──────── Data for the task
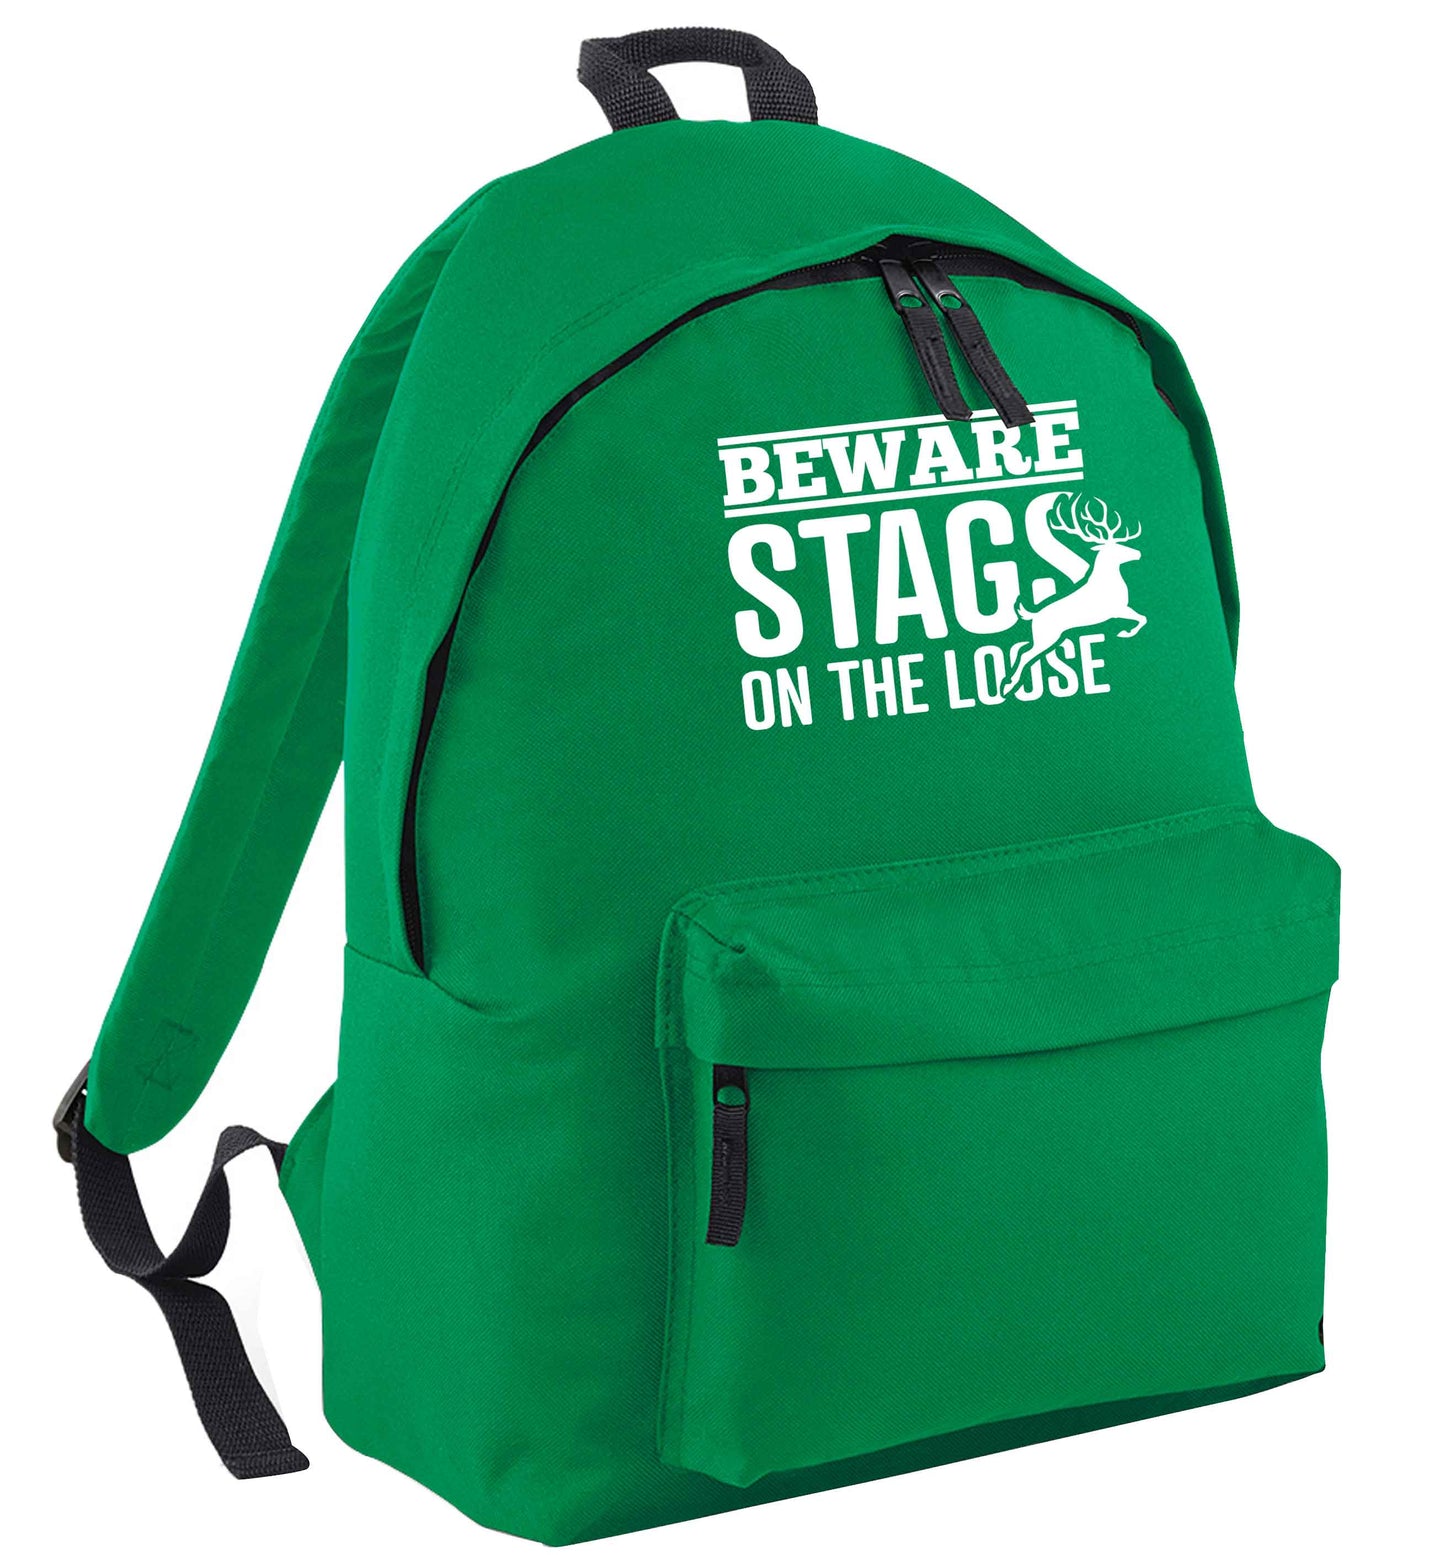 Beware stags on the loose green adults backpack
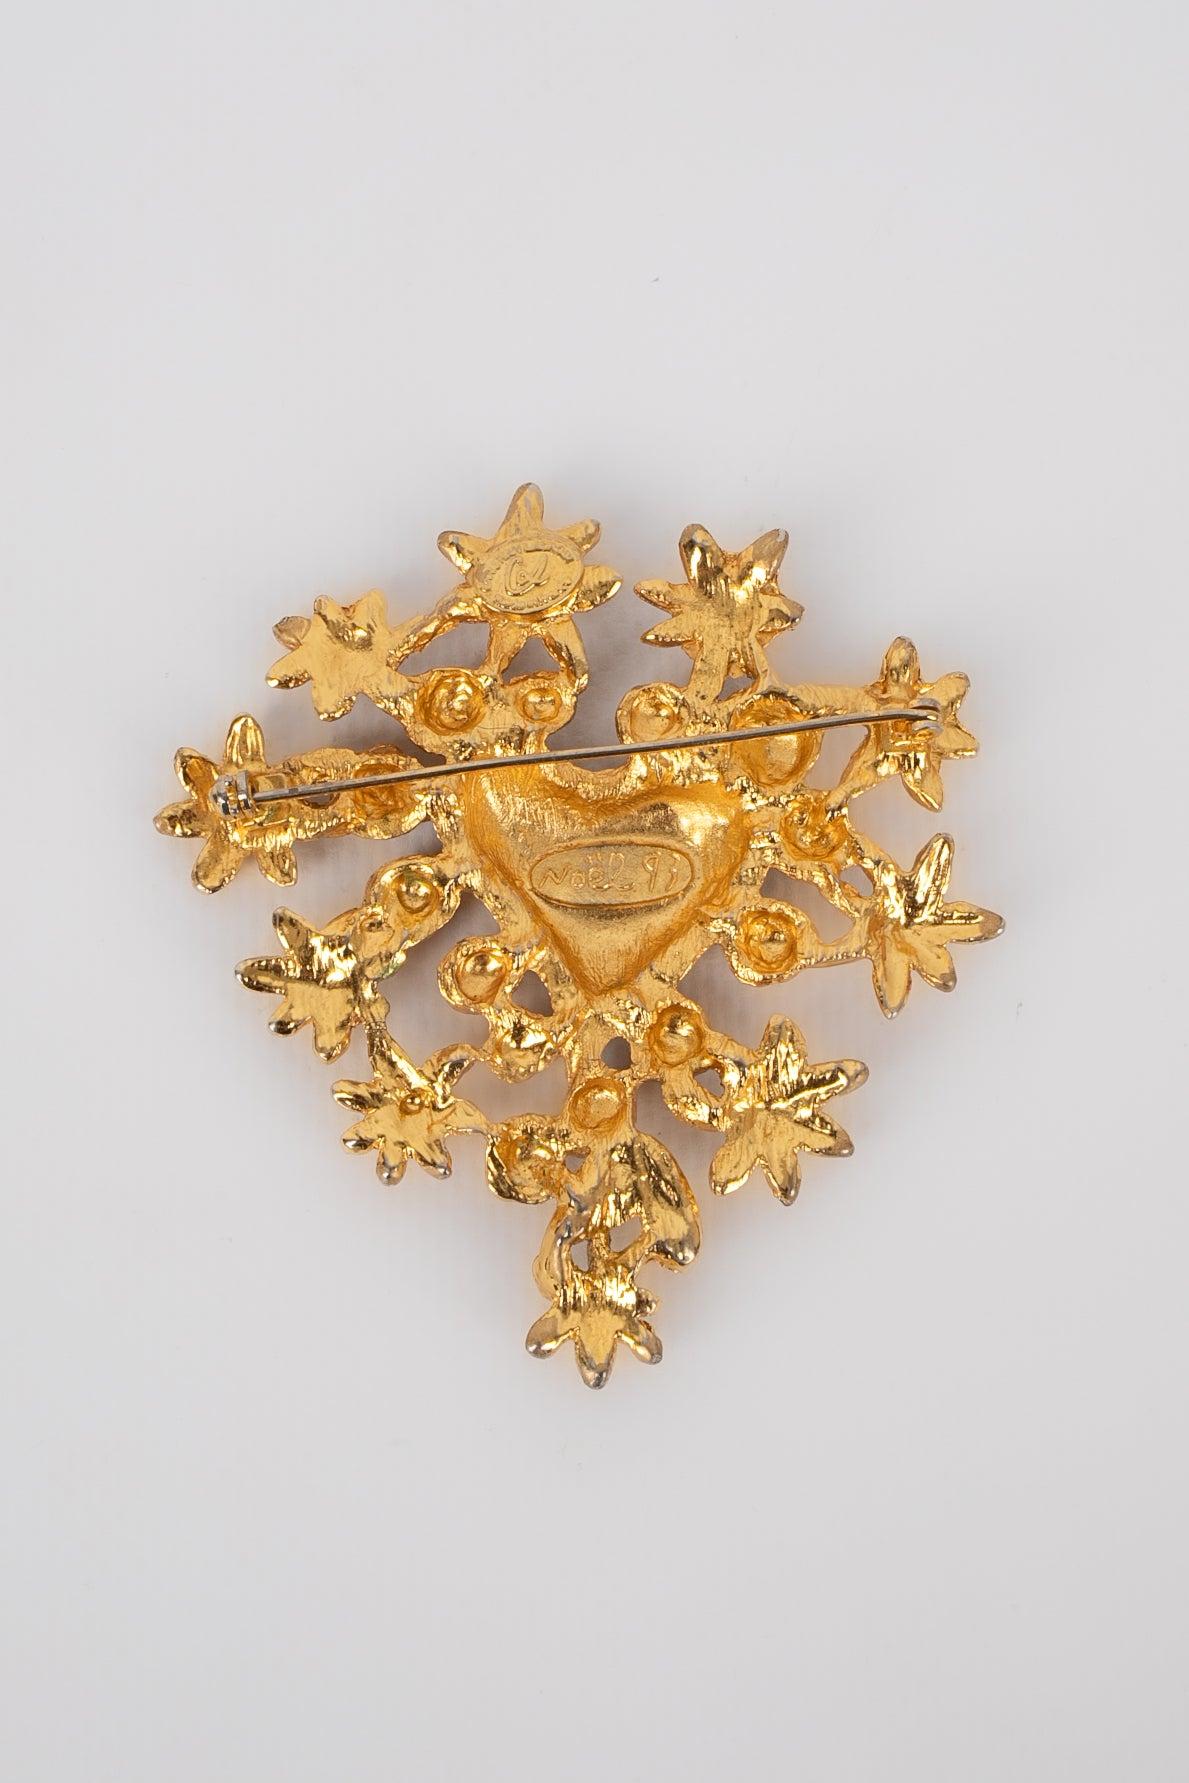 Christian Lacroix - (Made in France) Golden metal brooch representing a heart. Jewelry from the 1993 collection.
 
 Additional information: 
 Condition: Very good condition
 Dimensions: 7 cm x 8 cm
 Period: 20th Century
 
 Seller Reference: BR120
────────────────
» **Activity**
Write out every line, unchanged, from the one containing "Dimensions: 7 cm x 8 cm" through the closing line of the data.

» **Expected answer**
 Dimensions: 7 cm x 8 cm
 Period: 20th Century
 
 Seller Reference: BR120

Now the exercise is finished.